Kraken has switched on perpetual futures trading for eligible U.S. customers, delivering one of crypto’s most widely used derivatives products through a domestically regulated venue for the first time at meaningful scale. The launch, announced Monday via the Kraken blog, marks a turning point in a years-long effort to bring the offshore perps market back onshore.
What Are Perpetual Futures — and Why Do They Matter?
Perpetual futures, universally known in the industry as “perps,” are derivative contracts that let traders take leveraged long or short positions on assets such as Bitcoin (BTC) or Ethereum (ETH) without actually owning them. Unlike traditional futures, positions can remain open indefinitely as long as margin requirements are met. The mechanism that keeps the contract price anchored to the underlying asset is a funding rate: every eight hours, a payment is exchanged between long and short position holders depending on whether the perpetual price is trading above or below spot.
The product’s flexibility has made it the engine of global crypto trading. Industry data shows perpetual contracts accounted for $61.7 trillion in trading volume during 2025, making up the majority of activity across the sector. For years, nearly all of that volume flowed through offshore exchanges beyond U.S. regulatory reach, leaving American traders with limited compliant options.
The Bitnomial Backbone
The launch rests on Bitnomial, which holds the full stack of U.S. derivatives licenses — exchange, clearinghouse, and brokerage. Payward closed the Bitnomial acquisition in May 2026, one year after completing its purchase of NinjaTrader in May 2025. Those two acquisitions gave Kraken the regulated infrastructure needed to offer perpetuals within a domestic venue.
The Bitnomial deal is valued at up to $550 million, with its regulatory footprint seen as a key strategic factor. Perps on Kraken Pro are offered through NinjaTrader Clearing, LLC — now operating as Kraken Derivatives US — which is registered with the CFTC as a Futures Commission Merchant.
Perpetual contracts sit in the same futures wallet as Kraken’s existing CME-listed products, so traders can manage both types of positions with the same funds. Payward and Kraken co-CEO Arjun Sethi said the goal was straightforward: “Spot, margin, futures, and now perpetuals all live in the same account at Kraken.”

US perpetual futures are live on Kraken Pro
A Shifting Regulatory Landscape
The launch did not happen in a vacuum. In May 2026, the CFTC approved Kalshi’s Bitcoin perpetual contract and issued guidance that also cleared a path for Coinbase to connect U.S. customers to global options and perpetual markets. Kalshi’s own perps debut earlier this month generated more than $1 billion in volume within a week, signaling strong pent-up domestic demand.
Late Friday, the CFTC went a step further, issuing a no-action letter that allows regulated exchanges to convert expiring futures contracts into true perpetuals, provided they meet customer protection conditions. That letter is set to expire at the end of June, making the timing of Kraken’s rollout particularly well-placed.
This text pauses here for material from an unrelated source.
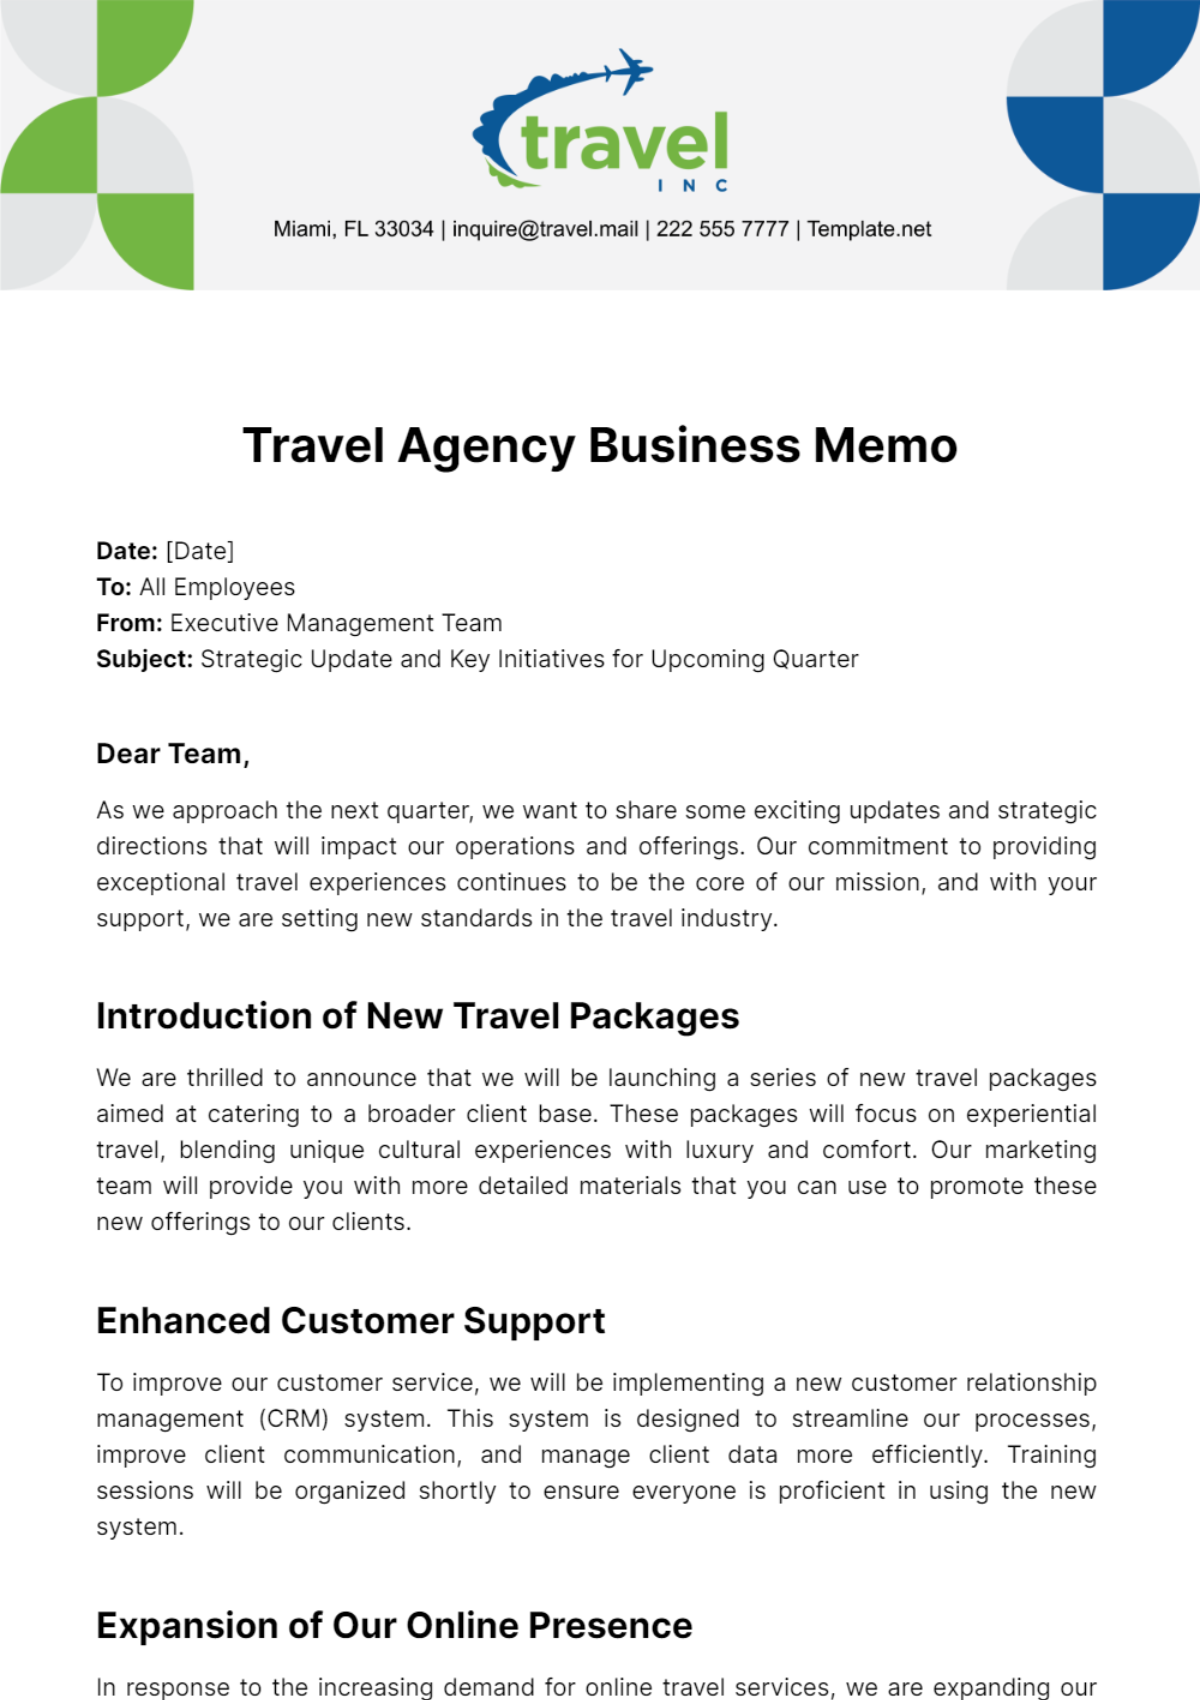 Travel Agency Business Memo Template

CFTC Chair Mike Selig also moved this week to address skepticism about whether perps are legally permissible under the Commodity Exchange Act. Selig rejected the claim that perpetual futures conflict with the Commodity Exchange Act because they do not expire, arguing that neither the Act nor the agency’s regulations explicitly define “futures contract” or require a fixed expiration or delivery date.

A Shifting Regulatory Landscape
What’s Available at Launch
At launch, contracts cover major cryptocurrencies including Bitcoin, Ethereum, Solana, XRP, Cardano, Chainlink, Dogecoin, Litecoin, and Avalanche. Kraken said it plans to expand both the range of contracts and collateral options over time.
Darius Tabatabai, Head of Kraken Pro, said the integrated setup changes how U.S. clients can build and manage positions: “Perpetuals, spot, margin and CME-listed futures now sit on one interface.” He credited Bitnomial’s regulatory infrastructure for enabling the rapid rollout.
Who Comes Next?
Kraken’s head of derivatives John Palmer suggested the adoption curve could mirror what happened with spot Bitcoin ETFs — sophisticated traders and proprietary desks entering first, followed by investment advisers and asset managers once they complete compliance reviews.
The launch marks one of the first opportunities for eligible U.S. traders to access perpetual futures through a CFTC-regulated venue, a market that has historically been dominated by offshore exchanges. Platforms like Hyperliquid have built substantial followings by serving the professional trader segment that found no regulated domestic alternative. That dynamic may now begin to shift.
For U.S. crypto traders, the calculus is simple: a product that drove more than $60 trillion in global volume last year can now be accessed without routing capital offshore, without counterparty risk on an unregulated venue, and — critically — within a single account that already holds their spot and futures positions.